If so it means someone else modified the data, and decisions where made using stale data. In this case a StaleObjectException is thrown, that needs to be caught by the application and handled, ideally at a central place.
In the case of a GUI, you usuall catch the exception, show a message saying user xyz changed this data while you where also editing it, your changes are lost. Press Ok to reload the new data.
With optimistic locking your program will run faster but the applications needs to handle some concurrency aspects that would otherwise be transparent with pessimistic locking: version entities, catch exceptions.
The most frequently used method is optimistic locking, as it seems to be acceptable in most applications. With pessimistic locking it's very easy to cause performance problems, specially when data access colisions are rare and can be solved in a simple way.
There are no constraints to mix the use of the two concurrency handling methods in the same application if needed.
I am looking at EntityManager API, and I am trying to understand an order in which I would do a record lock. Basically when a user decides to Edit a record, my code is:
entityManager.getTransaction().begin();
r = entityManager.find(Route.class, r.getPrimaryKey());
r.setRoute(txtRoute.getText());
entityManager.persist(r);
entityManager.getTransaction().commit();
From my trial and error, it appears I need to set WWEntityManager.entityManager.lock(r, LockModeType.PESSIMISTIC_READ); after the .begin().
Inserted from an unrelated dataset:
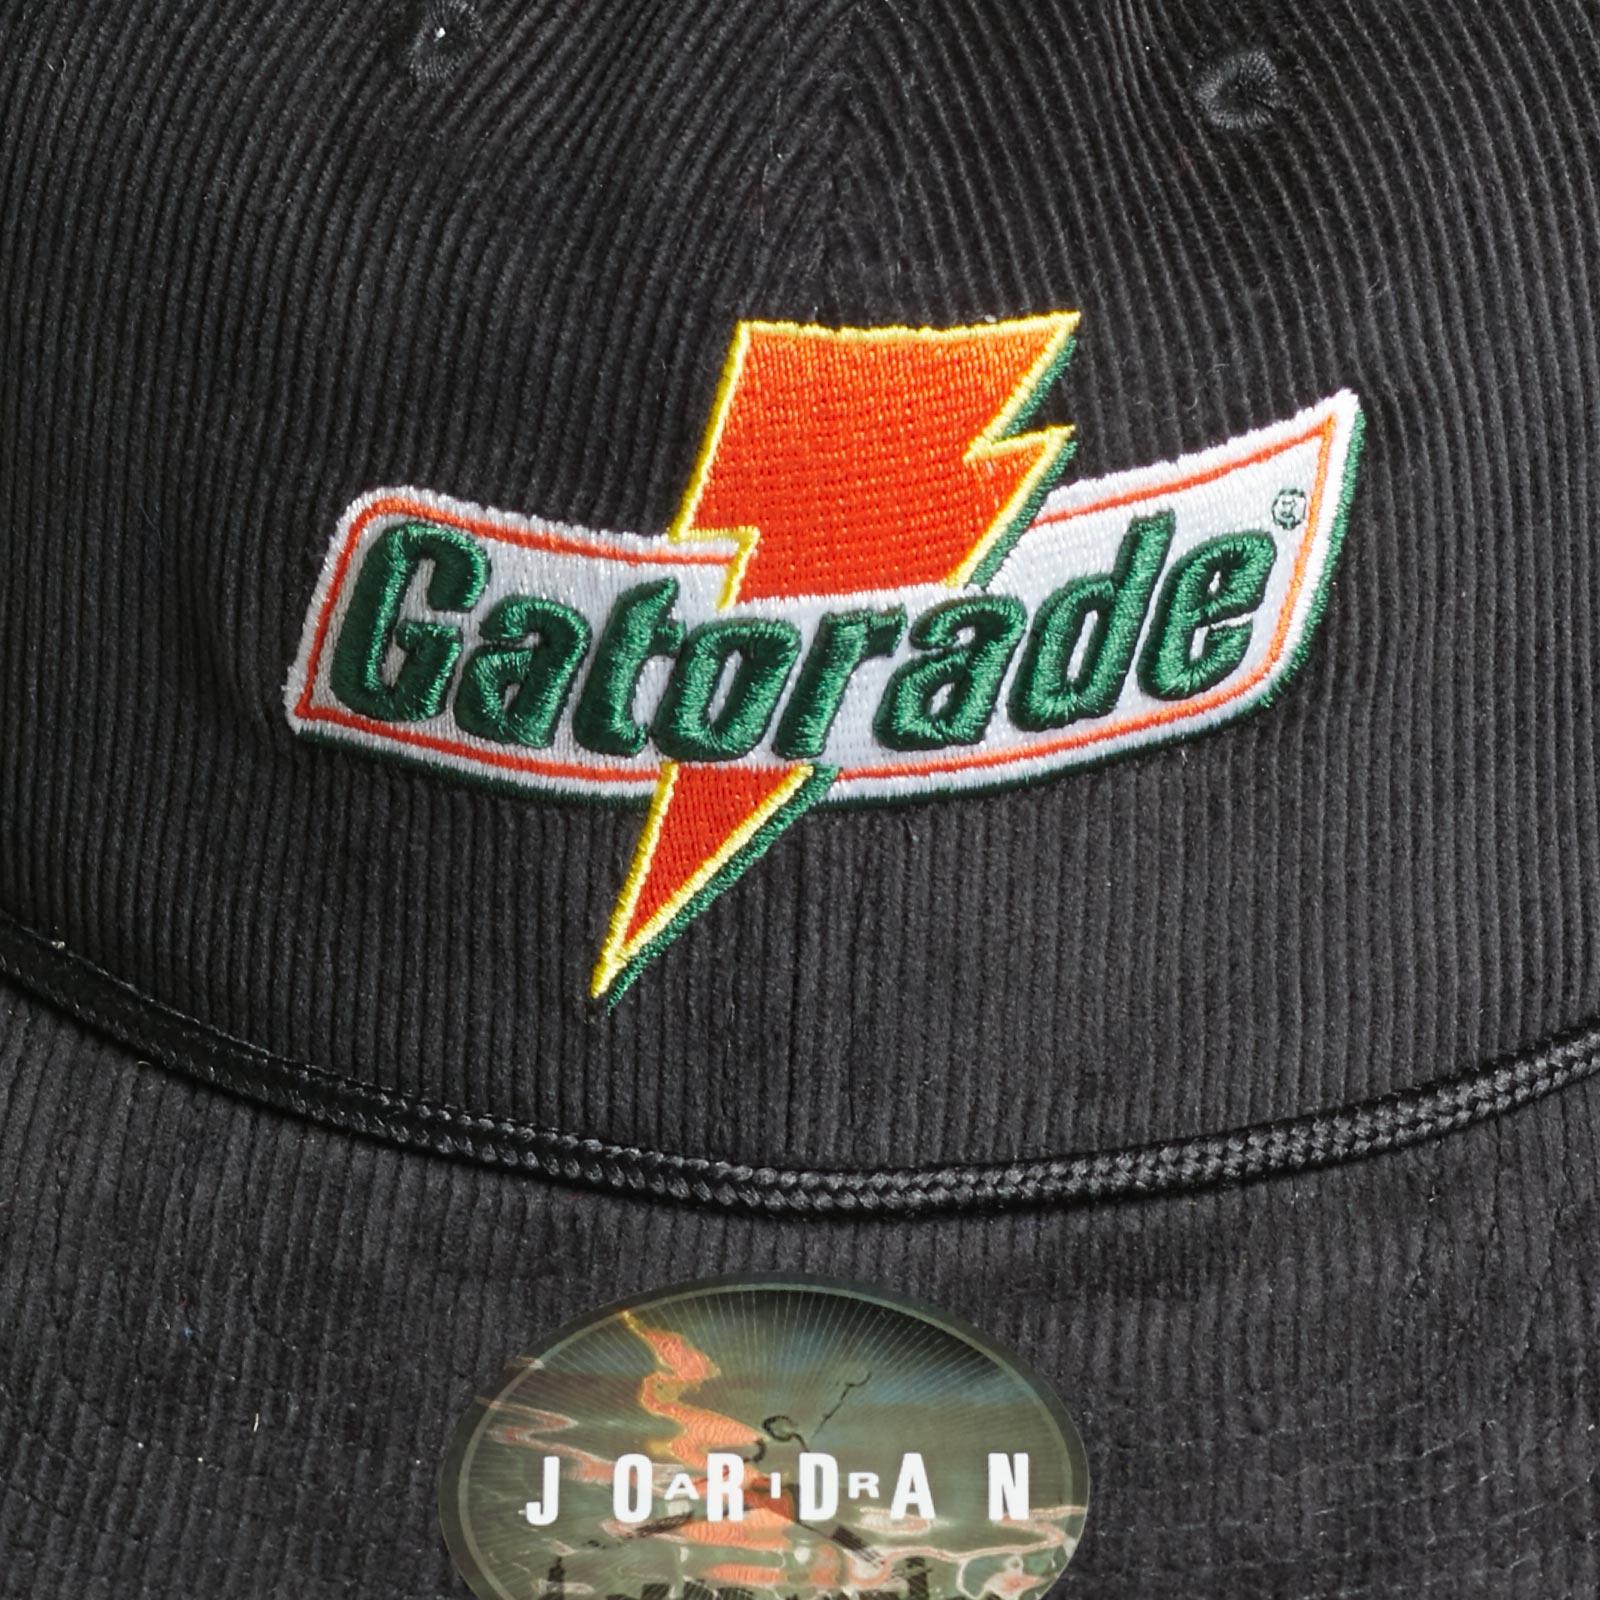 09b1e4e2c63377 Jordan Brand Jordan Pro Like Mike - Aj1263-010 - Sneakersnstuff ...
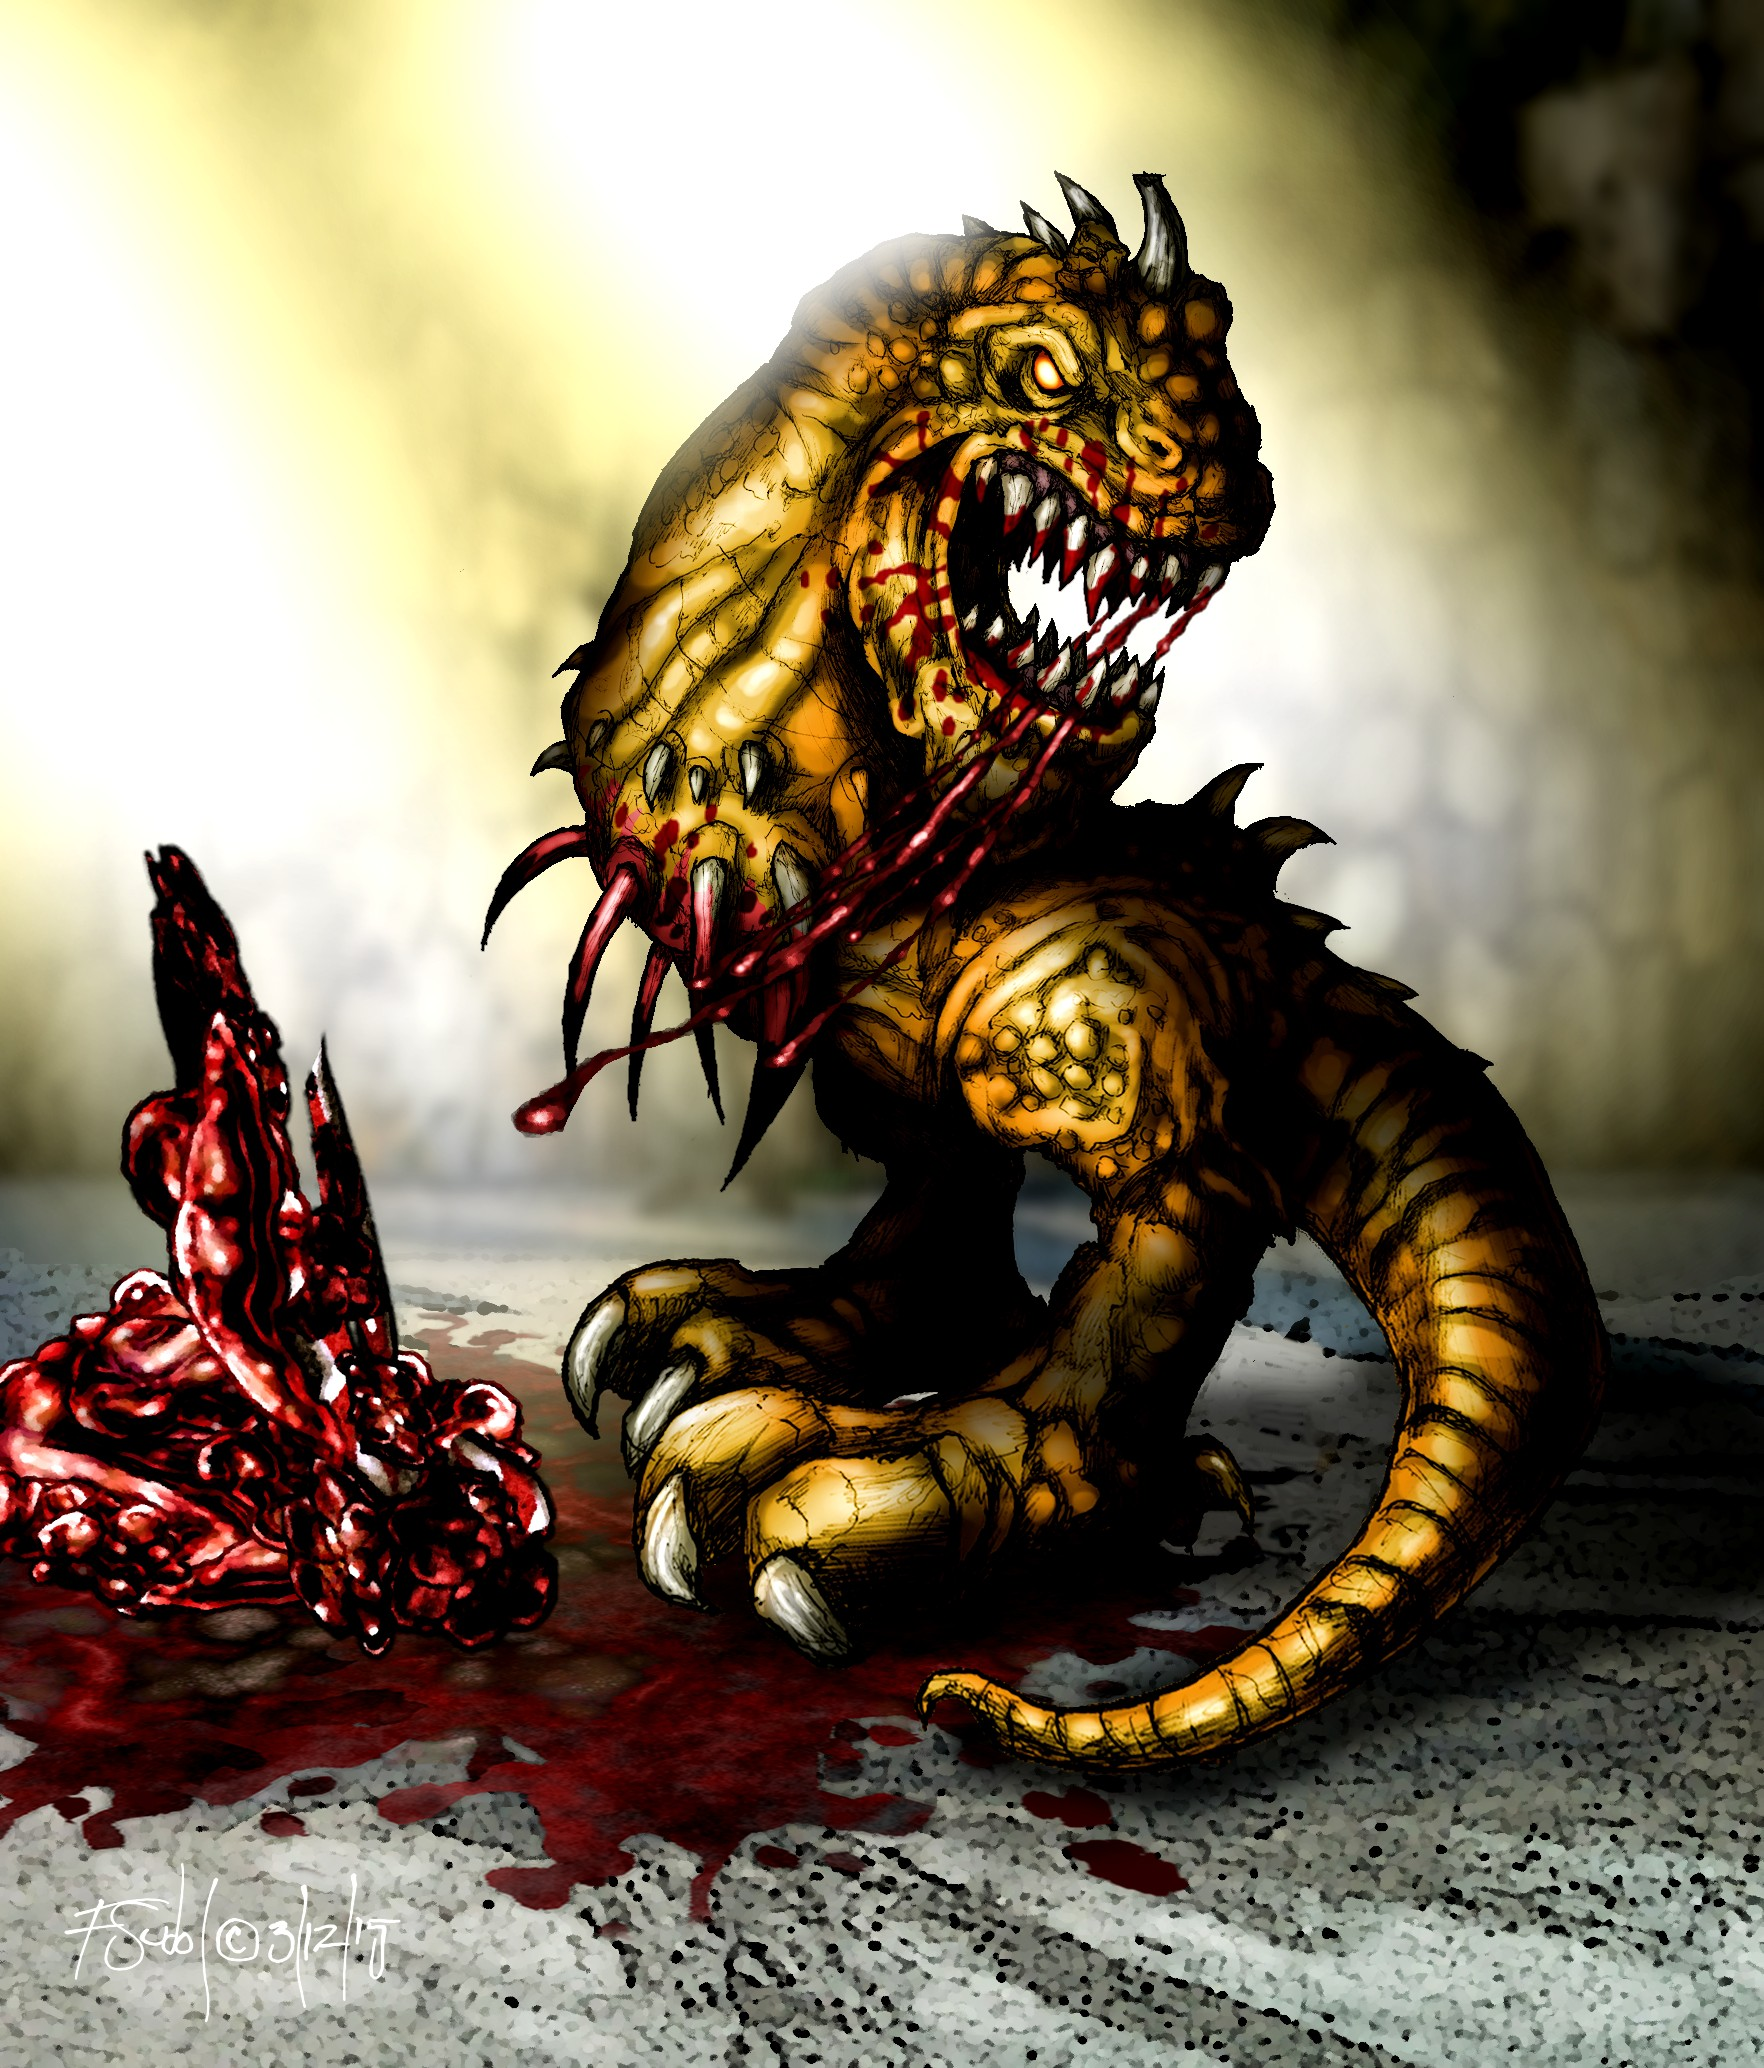 Spiked Raptor

I naturally assumed that I would use WWEntityManager.entityManager.lock(r, LockModeType.NONE); after the commit, but it gave me this:
Exception Description: No transaction is currently active
I haven't tried putting it before the commit yet, but wouldn't that defeat the purpose of locking the record, since my goal is to avoid colliding records in case 50 users try to commit a change at once?
Any help as to how to I can lock the record for the duration of the edit, is greatly appreciated!
Thank You!
Performing locking inside transaction makes perfectly sense. Lock is automatically released in the end of the transaction (commit / rollback). Locking outside of transaction (in context of JPA) does not make sense, because releasing lock is tied to end of the transaction. Also otherwise locking after changes are performed and transaction is committed does not make too much sense.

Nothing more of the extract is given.